Showing posts with label Noblesse Oblige. Show all posts
Showing posts with label Noblesse Oblige. Show all posts

Sunday, November 19, 2006

Denise Levertov

I am reading with great enjoyment a book by Denise Levertov called, "This Great Unknowing: Last Poems", a compilation of her last forty poems. Here is one of my favorites:

Patience

"What patience a landscape has, like an old horse,
head down in its field.
Grey days,
air and fine rain cling, become one, hovering till at last,
languidly, rain relinquishes that embrace, consents
to fall. What patience a hill, a plain,
a band of woodland holding still, have, and the slow falling
of grey rain... Is it blind faith? Is it
merely a way to deeply rest? Is the horse
only resigned,or has it
some desireable knowledge, an enclosed meadow
quite other than its sodden field,
which patience is the key to? Has it already,
within itself, entered that sunwarmed shelter?"

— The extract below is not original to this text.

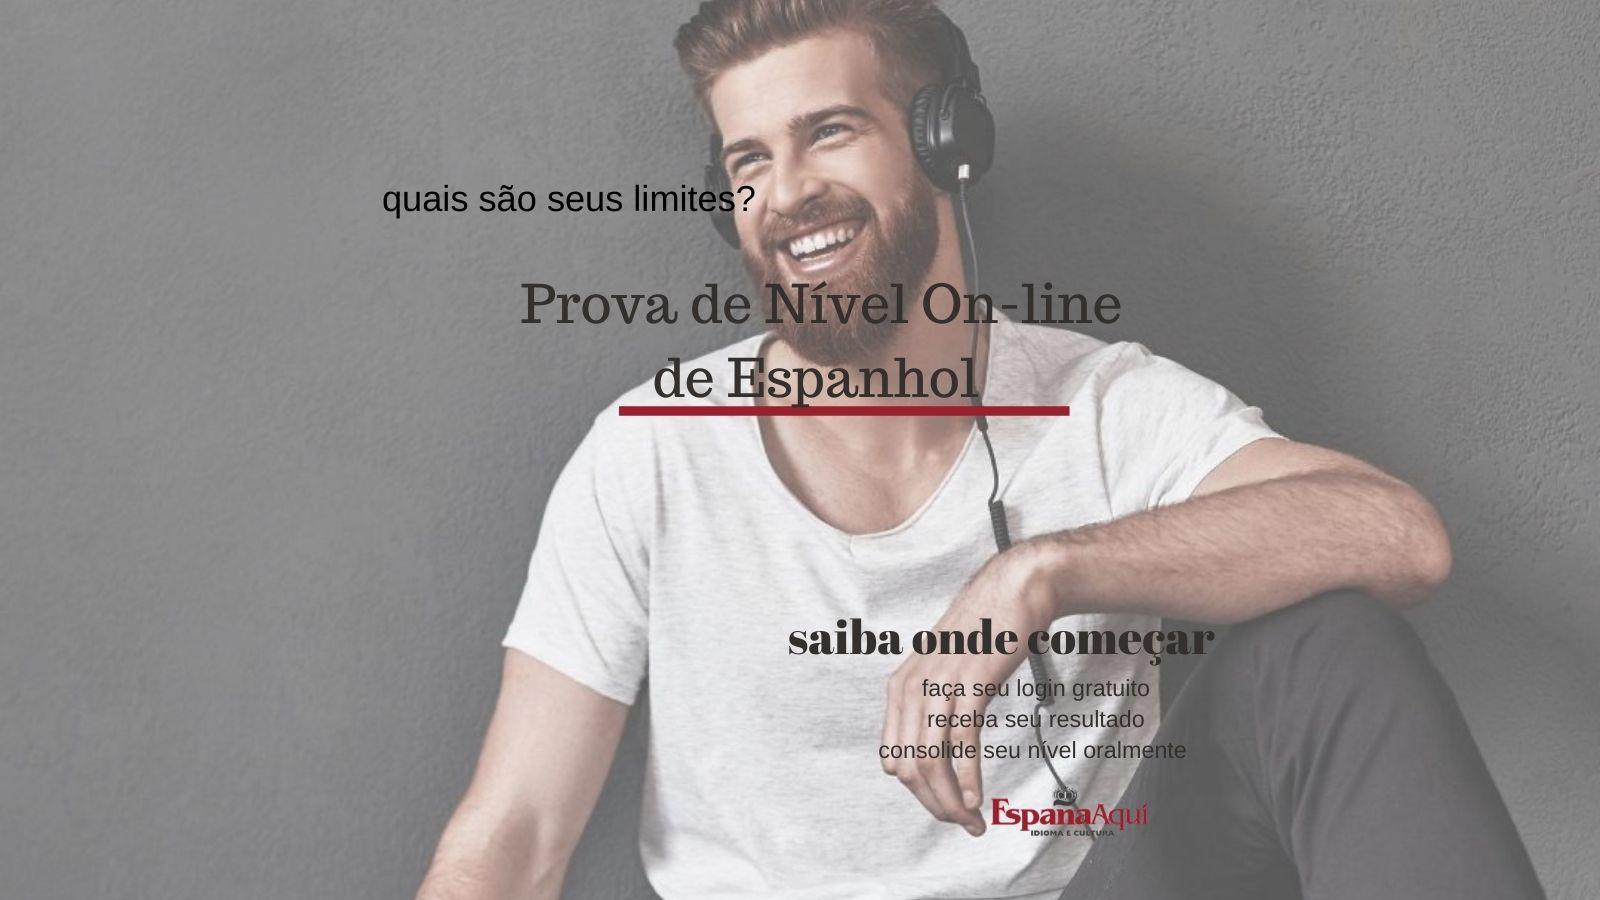 http://www.espanaaqui.com.br/pdf/fevereiro%202021/site.%20%20saiba%20seu%20n%c3%advel.jpg

There is a powerful sense of quietness about her poems. Levertov is a fine poet.
I can't resist adding a few other lovely portions:

Once Only

"All which, because it was
flame and song and granted us
joy, we thought we'd do, be, revisit,
turns out to have been what it was
that once, only; every initiation
did not begin
a series, a build-up: the marvelous
did happen in our lives, our stories
are not drab with its absence: but don't
expect now to return for more. Whatever more
there will be will be
unique as those were unique. Try
to acknowledge the next
song in its body-halo of flames as utterly
present, as now or never."


from Immersion:

"There is anger abroad in the world, a numb thunder,
because of God's silence: But how naive,
to keep wanting words we could speak ourselves...
God's abstention is only from human dialects. The holy voice
utters its woe and glory in myriad musics, in signs and portents.
Our own words are for us to speak, a way to ask and to answer."


from Noblesse Oblige

"(Meanwhile,
the April sun, cold though it is,
has opened the small daisies,
so many and so humble they get underfoot-
and don't care. Each one
a form of laughter.)


from Translucence

"This great unknowing
is part of their holiness. They are always trying
to share out joy as if it were cake or water,
something ordinary, not rare at all."